BEGIN

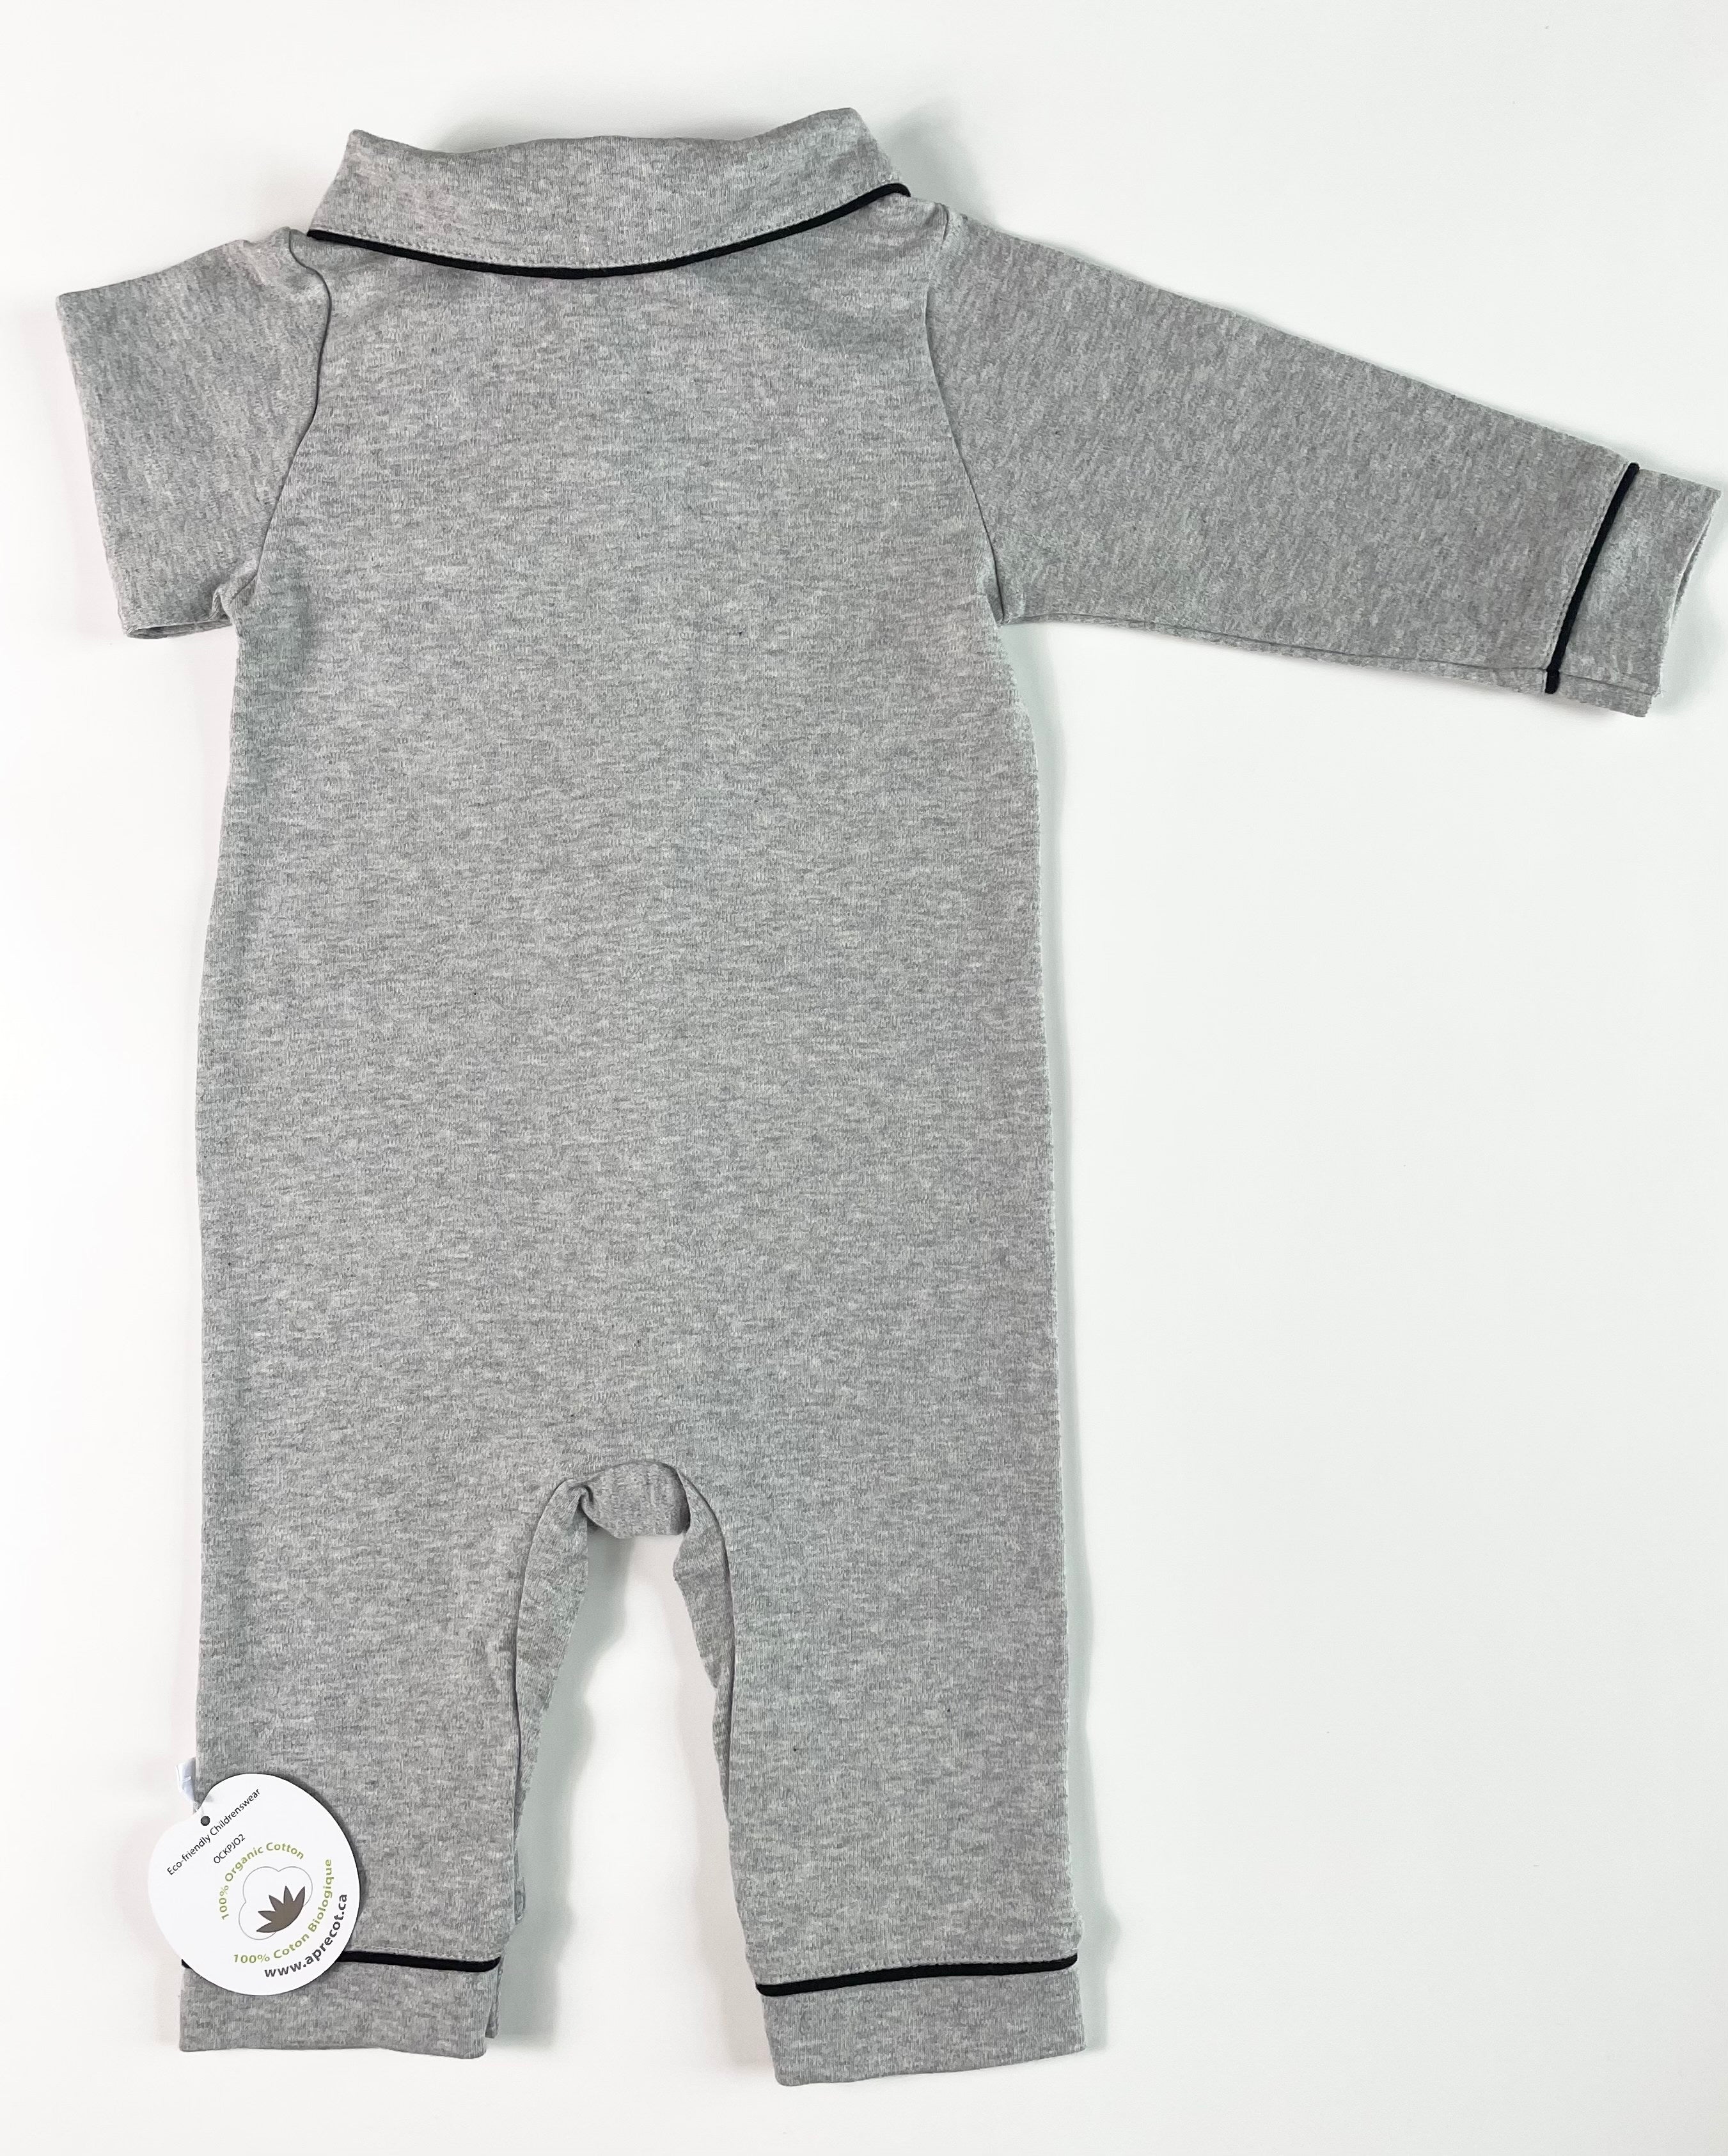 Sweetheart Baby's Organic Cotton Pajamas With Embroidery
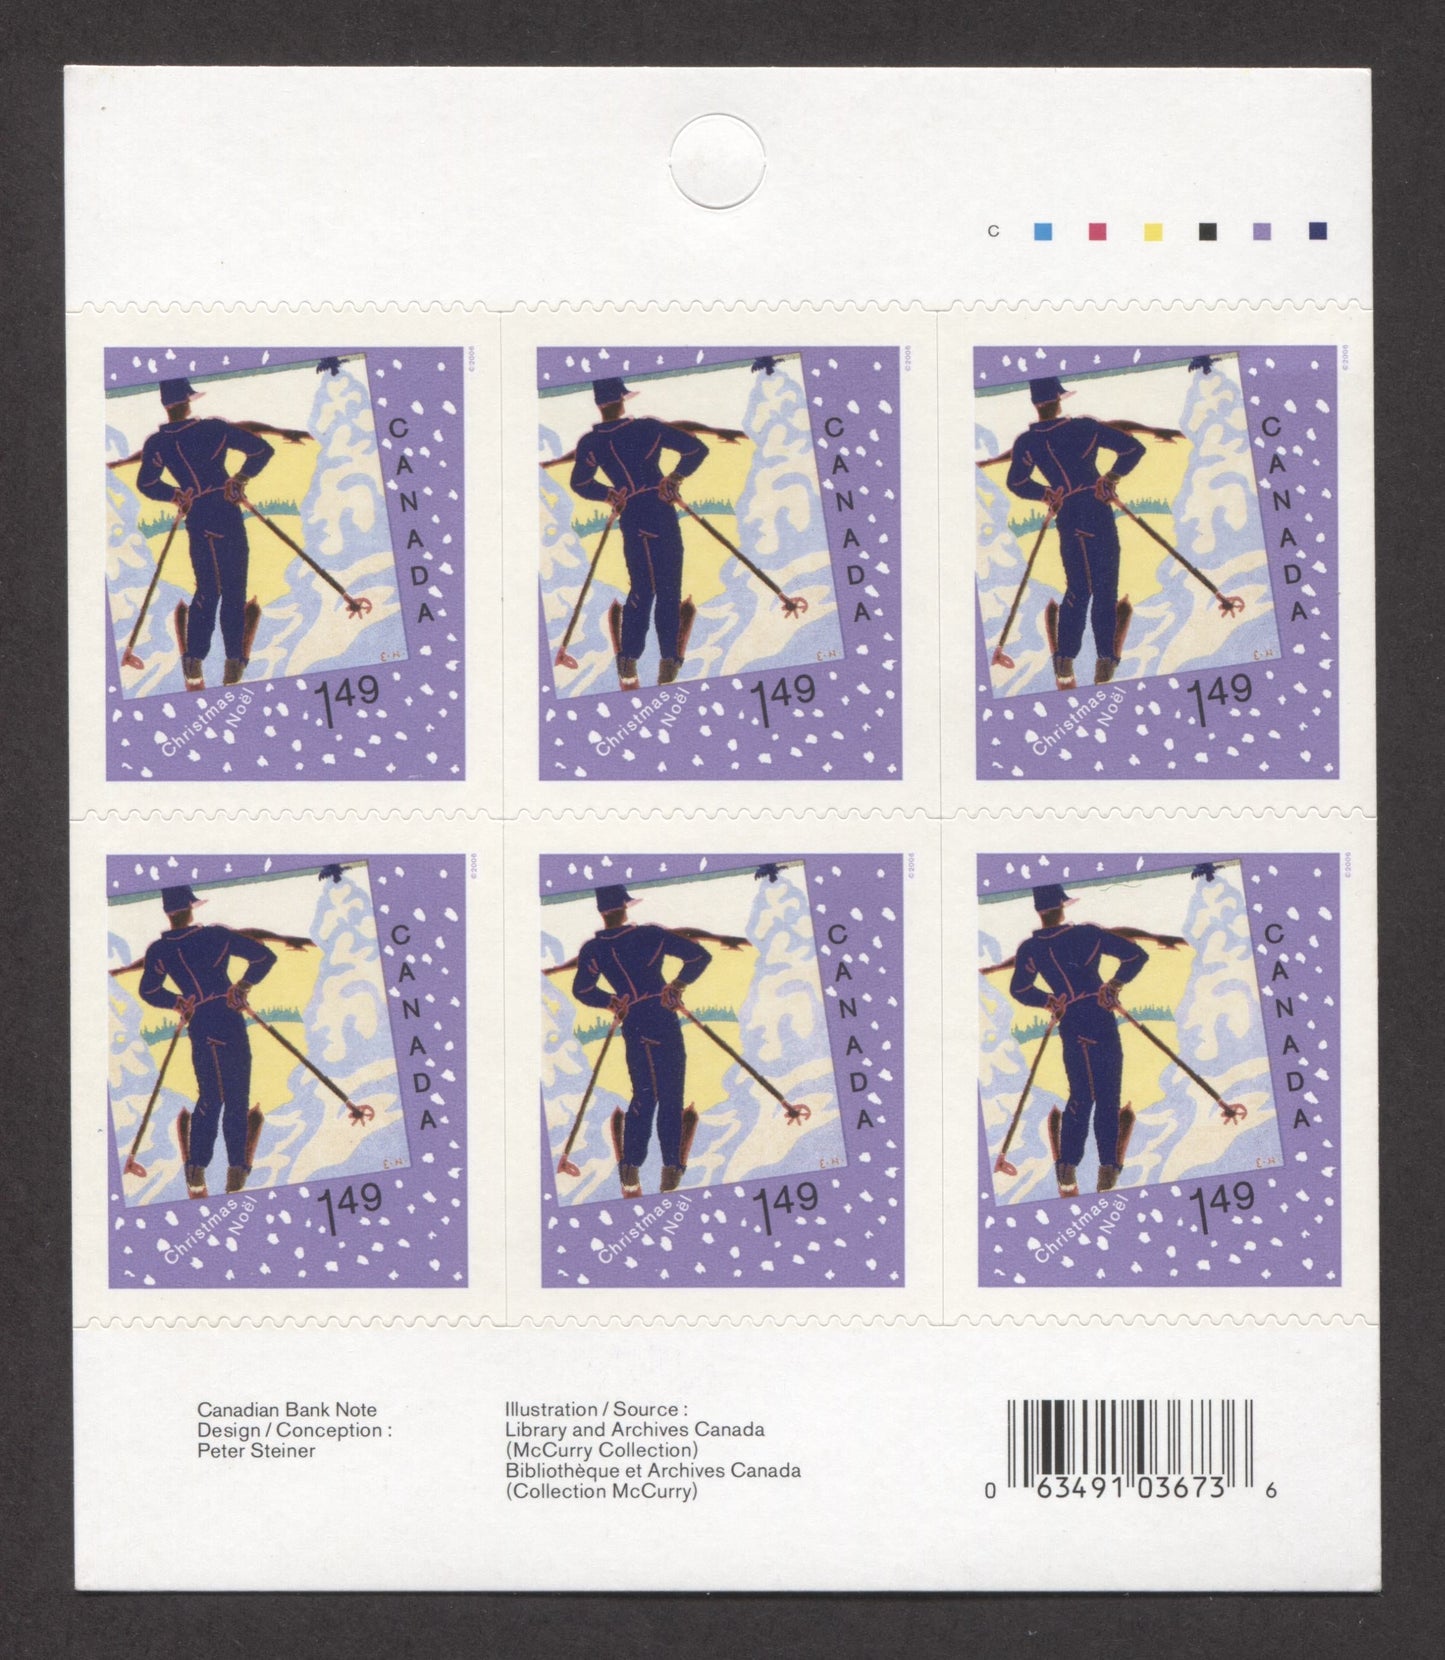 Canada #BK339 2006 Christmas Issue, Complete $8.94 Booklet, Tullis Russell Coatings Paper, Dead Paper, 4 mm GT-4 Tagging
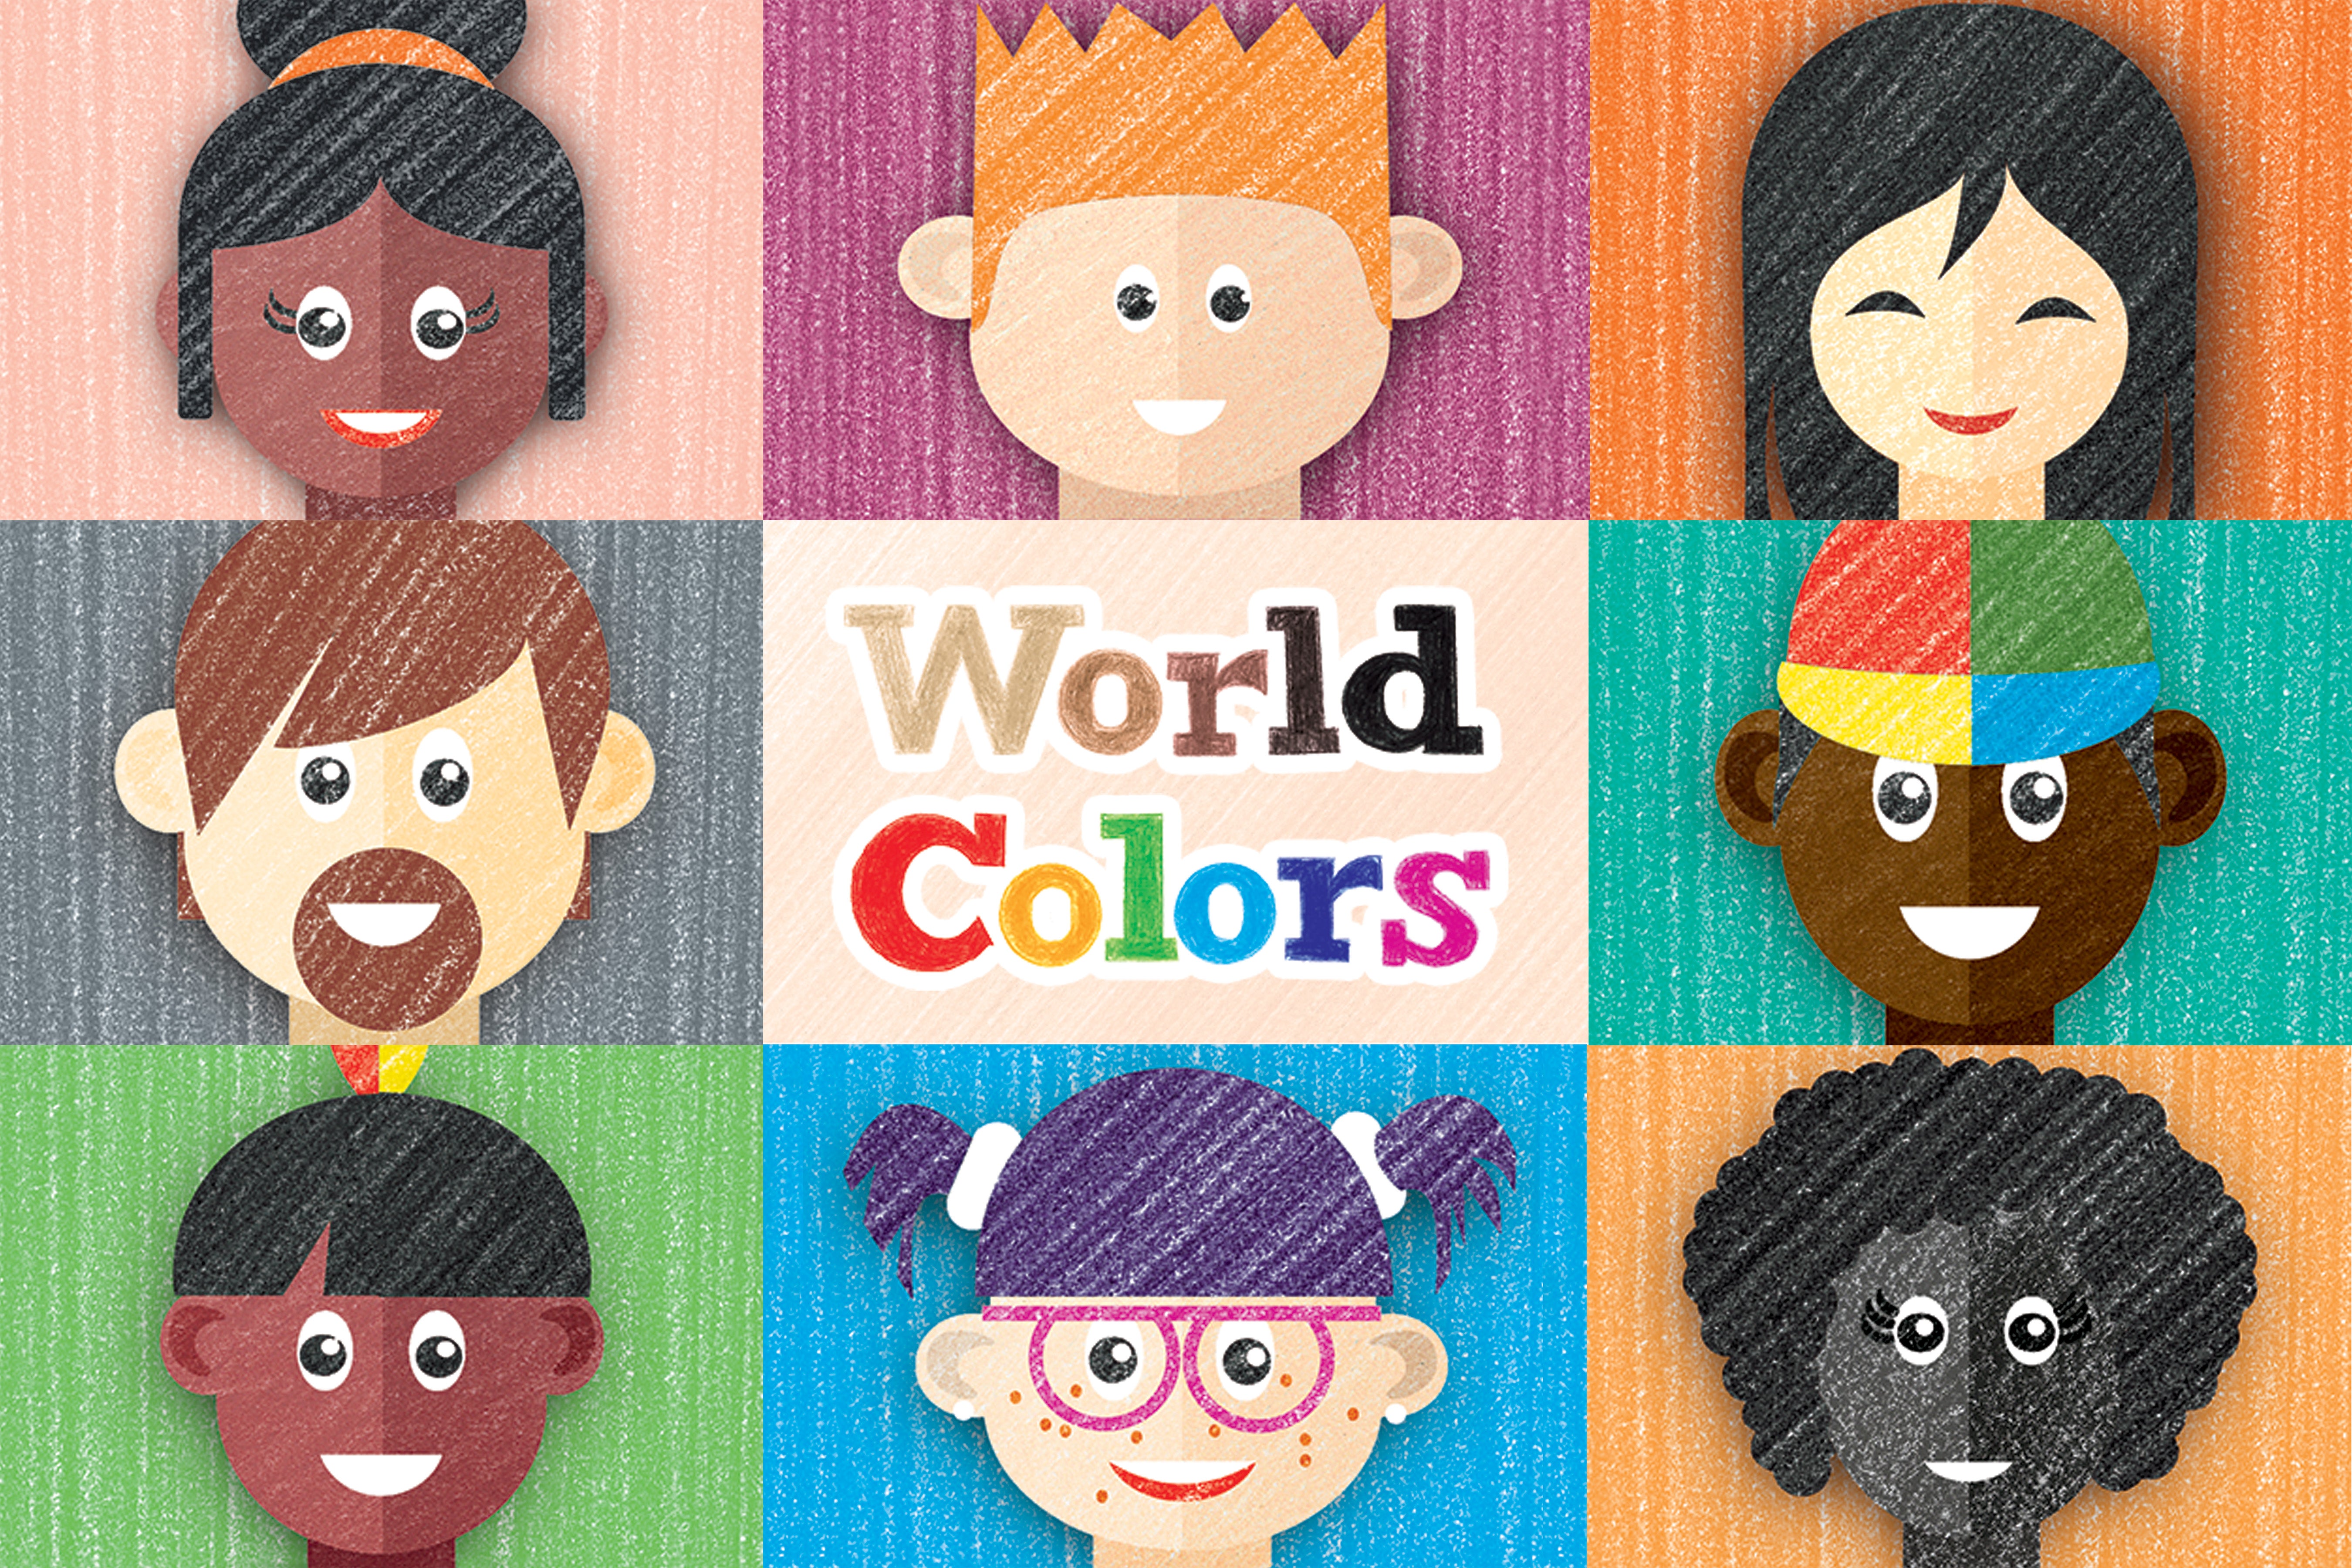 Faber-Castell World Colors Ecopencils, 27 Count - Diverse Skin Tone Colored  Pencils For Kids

END

:: AIM OF THE EXERCISE ::
Repeat the data above in full and exactly. Omit every image.

:: RESULT OF THE TASK ::
 Sweetheart Baby's Organic Cotton Pajamas With Embroidery
 Canada #BK339 2006 Christmas Issue, Complete $8.94 Booklet, Tullis Russell Coatings Paper, Dead Paper, 4 mm GT-4 Tagging
 Faber-Castell World Colors Ecopencils, 27 Count - Diverse Skin Tone Colored  Pencils For Kids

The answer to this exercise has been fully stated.